[Information supplied Boundary: Start]

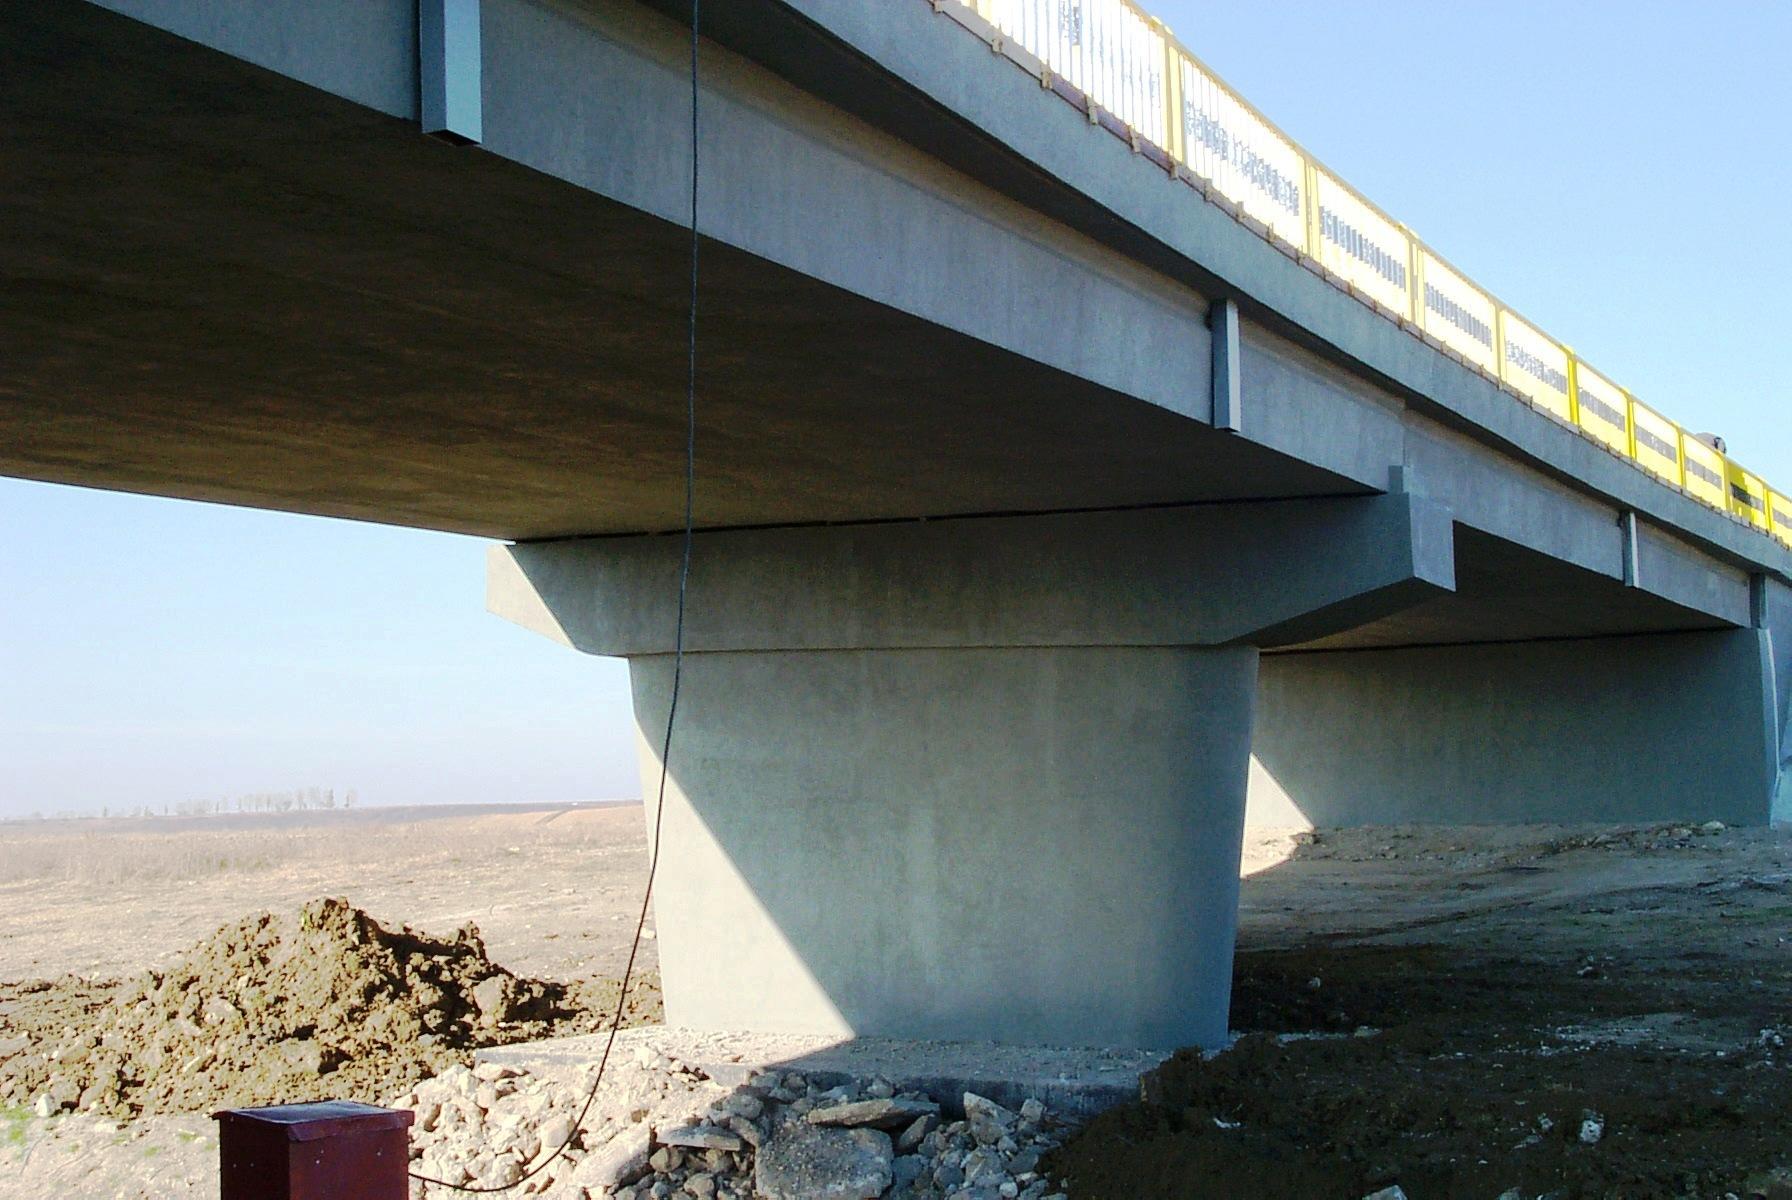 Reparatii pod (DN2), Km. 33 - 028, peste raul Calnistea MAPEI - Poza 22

[Information supplied Boundary: End]
[Information supplied Boundary: Start]

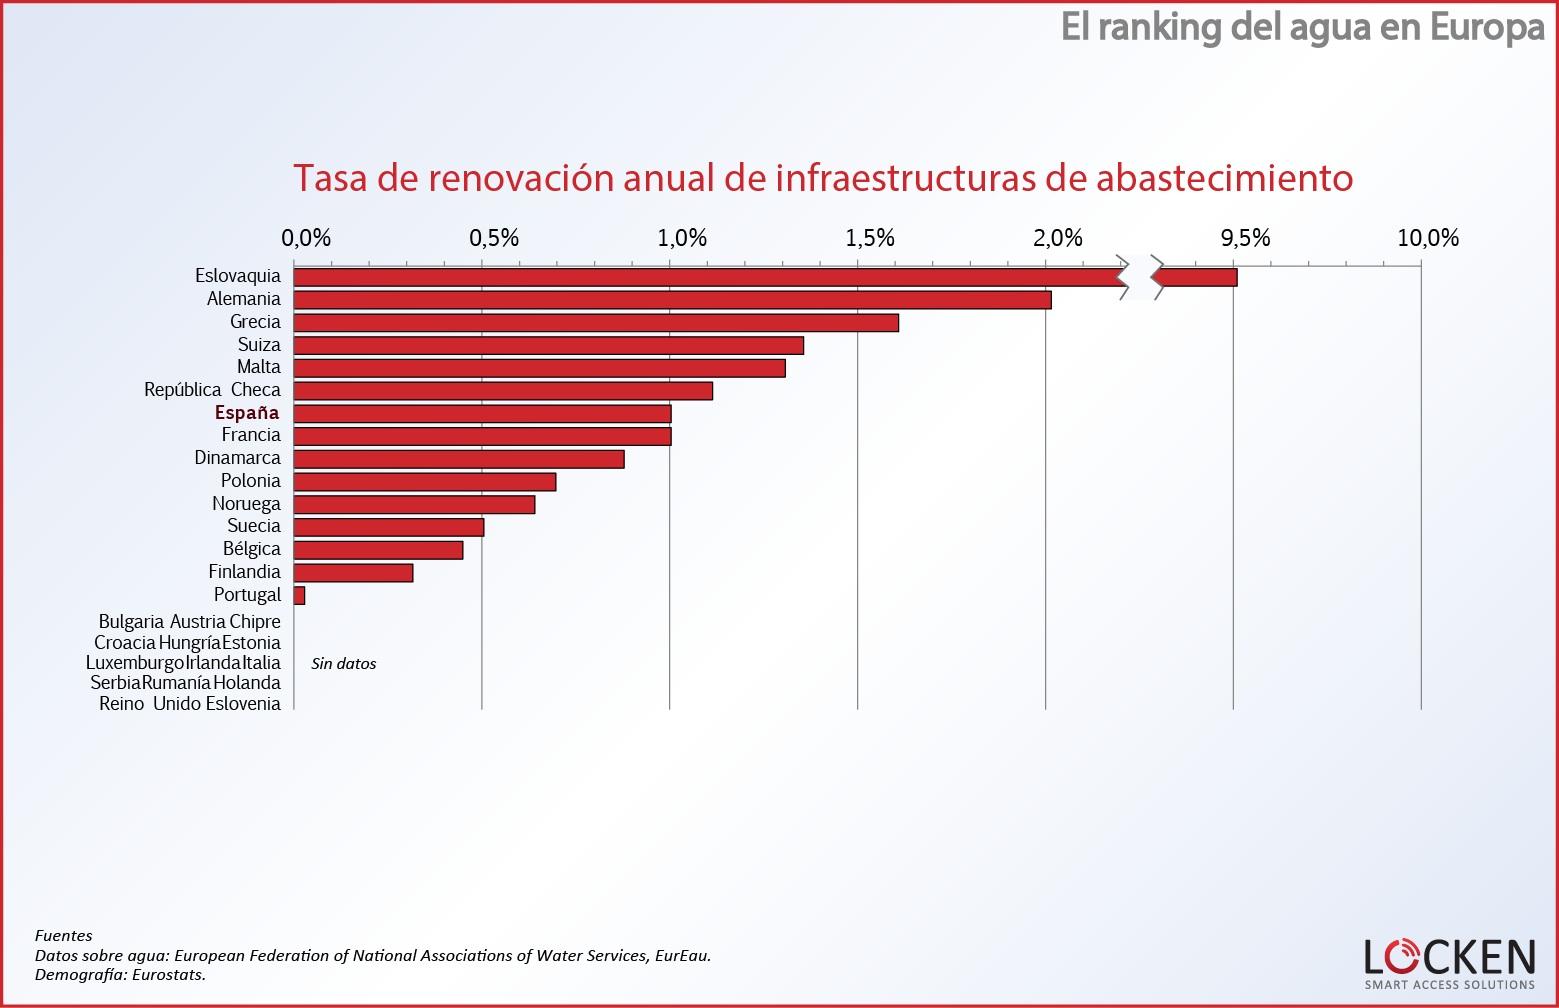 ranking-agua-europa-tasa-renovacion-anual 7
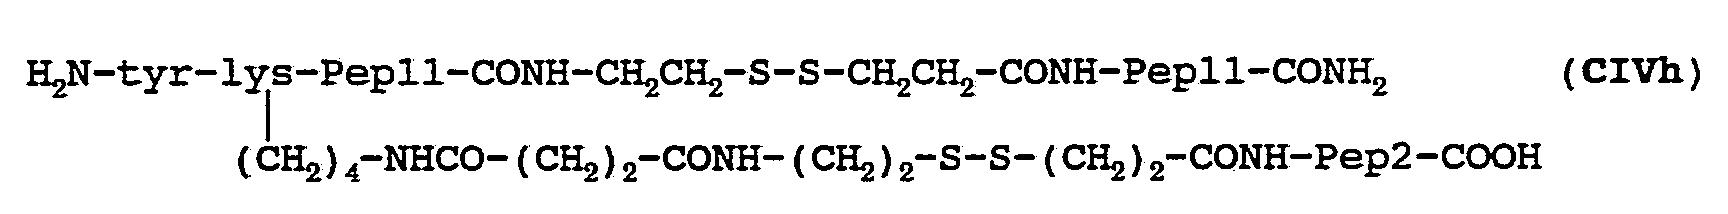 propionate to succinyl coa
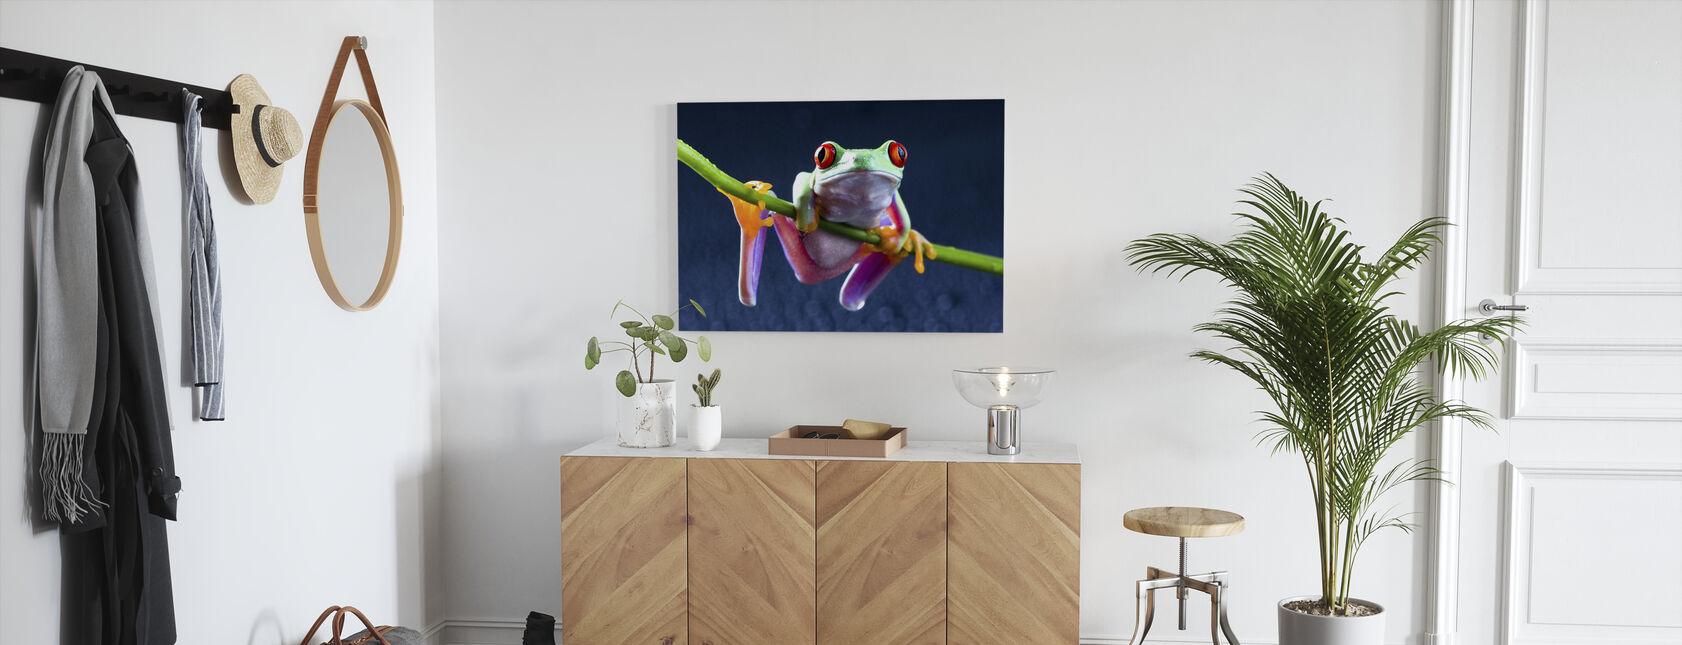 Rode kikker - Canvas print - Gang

[Information supplied Boundary: End]

Assigned task:
I'd like the lines above repeated exactly, from the one that contains "ranking-agua-europa-tasa-renovacion-anual 7" through the one that contains "Rode kikker - Canvas print - Gang", with no pictures.

Response for this exercise:
 ranking-agua-europa-tasa-renovacion-anual 7
 propionate to succinyl coa
 Rode kikker - Canvas print - Gang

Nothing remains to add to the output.